I grew up in a family where there wasn’t much extra money. We ate what was served or went hungry. Which would have been fine, except that my parents also had the “clean plate=good moral character” belief and I was often forced to eat things that I found truly repulsive. I did not acquire a liking for them in this way. When I left home I avoided many foods. It was only years later that I was able to try different things with an open mind. I eat many more things now than I did 10 years ago, but it has been a battle in some ways. I still cannot eat green beans because I have such negative associations with them.
I used to hate vegetables and it was a batlle with my parents (which they usually won). I am not saying that made me like vegetables but it did instill in me a sense that the world does not revolve around me and that you cannot always have what you want. Years later I started forcing myself to eat more vegetables and less meat and, gradually, my taste has changed to the point where I eat mostly vegetables and hardly ever eat meat any more.
people are just to spoilt these days whether it’s i don’t like certain foods, I have to have things my way, I can’t lose weight (yes you can! stop eating!), I can’t quit smoking, etc. We are spoilt and we pay for it in our own unhappiness. Spoilt people are not happy people, much to the contrary.
Comparing ‘Logic’ and ‘preference’ is an exercise in futility from the get-go.
Why did God make apples the forbidden fruit instead of Brussels sprouts? Why do people always buy the same brand of bottled water when the same stuff, from the same hydrant but with a different label is on sale on the shelf next to it?
Why do we talk about ‘the birds and the bees’ instead of what the poodle is doing on the bride’s leg during the outdoor wedding that you planned all year? You could explain to the kids that the reason for the wedding in the first place is so the groom can do that to the bride himself…or already has at least once too often.
Why would someone buy a cabbage patch doll and never take it out of the box?
Why do I reply to these questions instead of someone who knows the answer?

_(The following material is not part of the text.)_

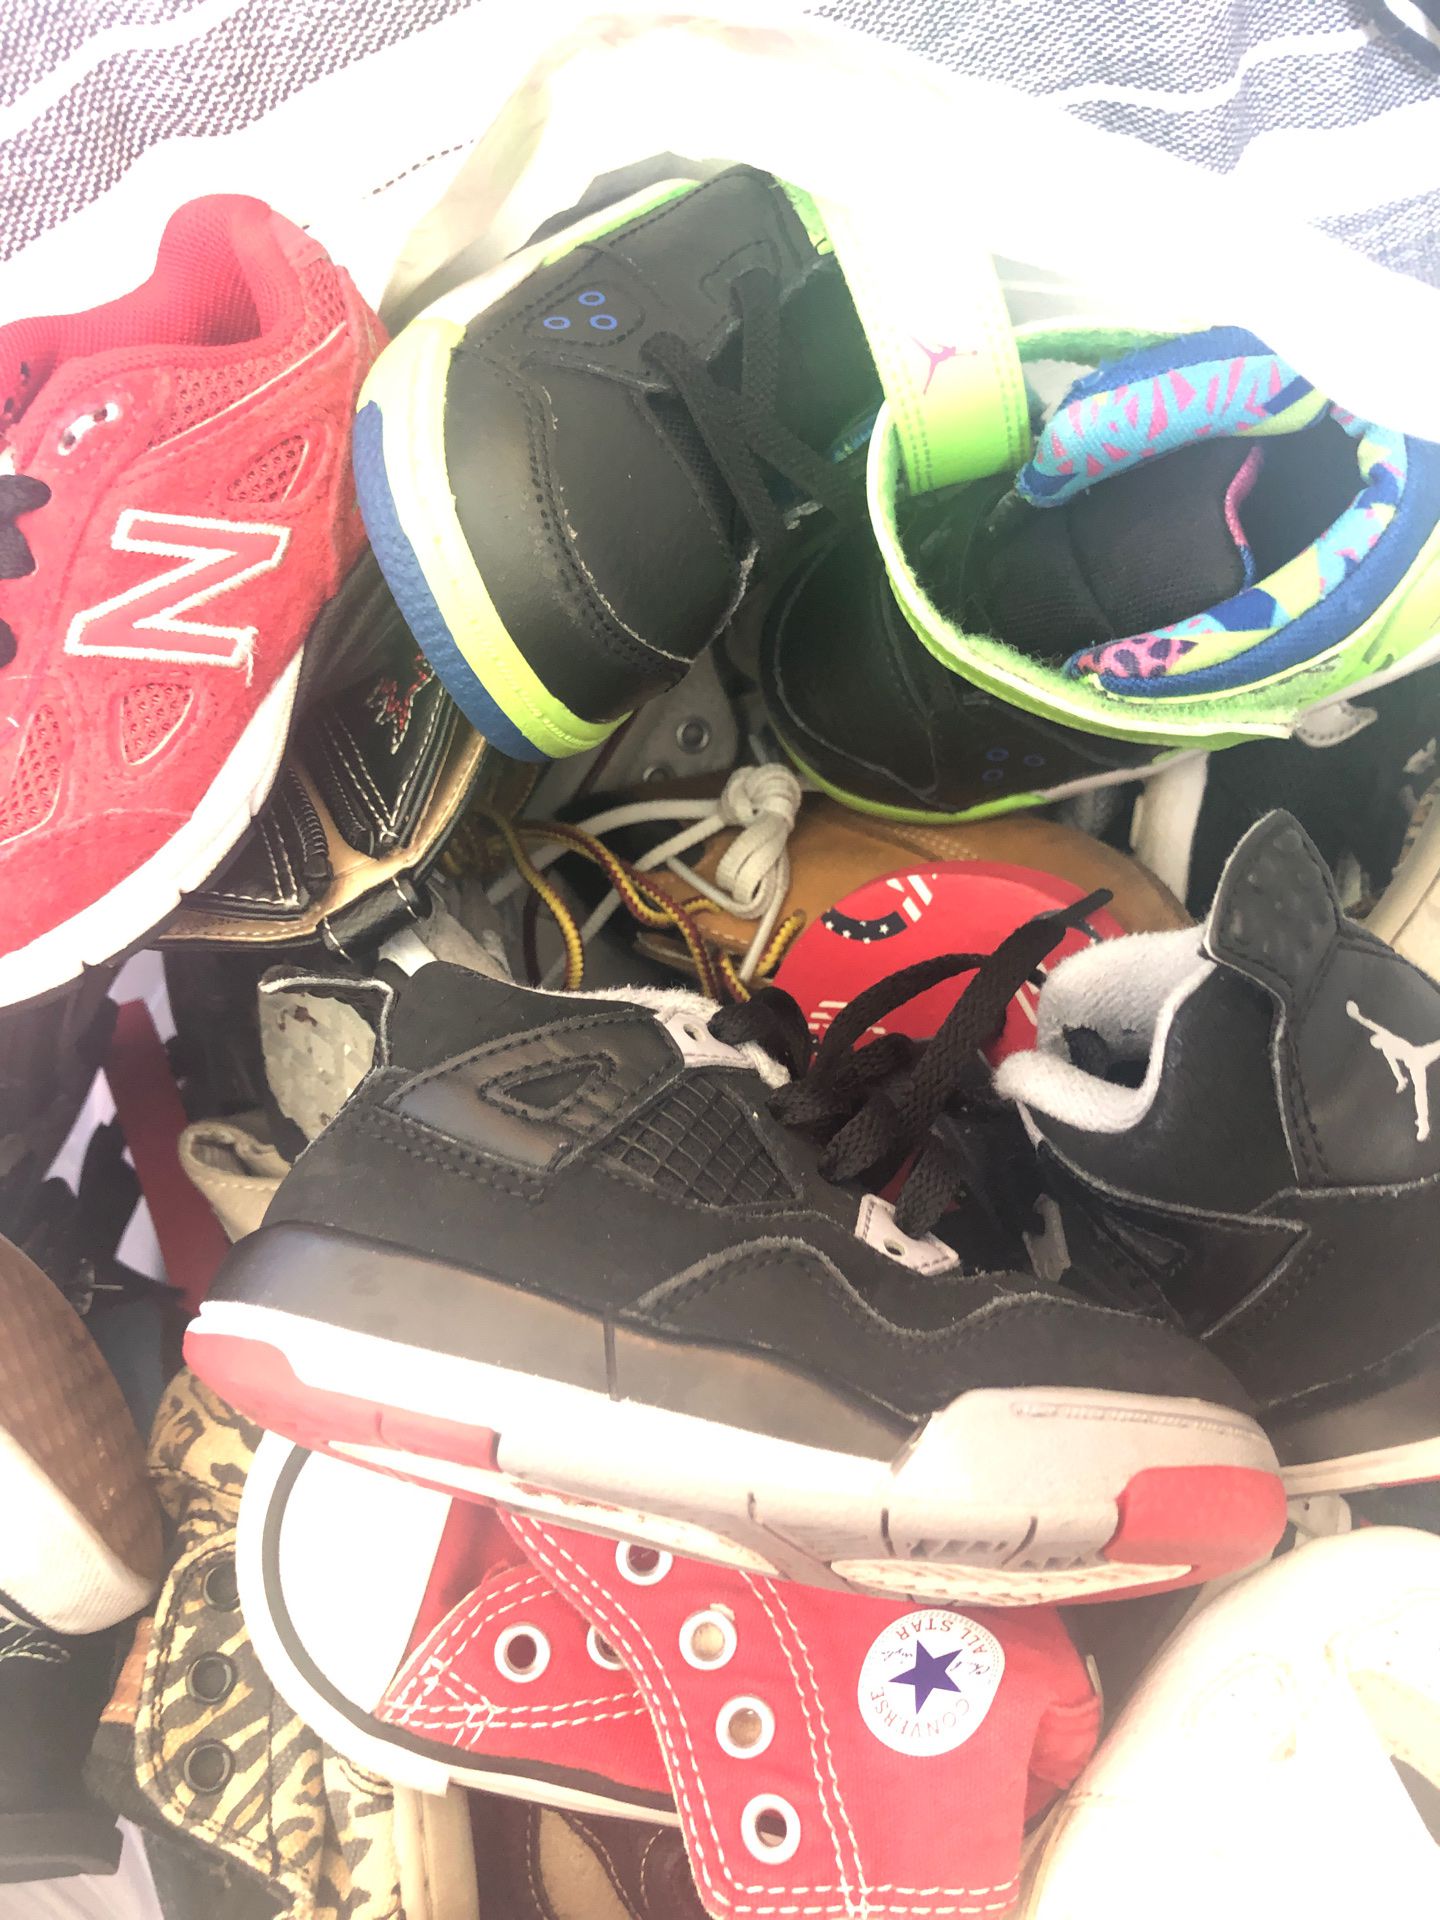 60 pairs of toddler shoes

I’m sorry I haven’t sources, this is something I either picked up in a class or read in a book. But human children will generally eat what their parents tell them is acceptable (and when young will generally try to put everything int heir mouth). This makes sense since the adults will usually have a clue as to what is edible and what is poisonous. As humans get older they become more reluctant to try new foods. This also makes sense since trying that pretty berry over there that you have always been told to avoid will probably make you sick. So food dislikes or aversions tend to last and a willingness to try new foods is low and much lower if not introduced by authority figures. I do not think there is anything at all to the idea that finicky eaters are spoiled or eating a variety of things makes you more moral. I’m not sure how well this relates, but the early settlers from Europe in the Americas almost starved to death (well some did) primarily because they avoided all the abundant food that they didn’t recognize. They didn’t want to eat the seafood, because the European waters were bad. They didn’t want to eat tomatoes because they thought them poisonous. etc. I’d imagine that diversity of diet increases as various foods become available to children.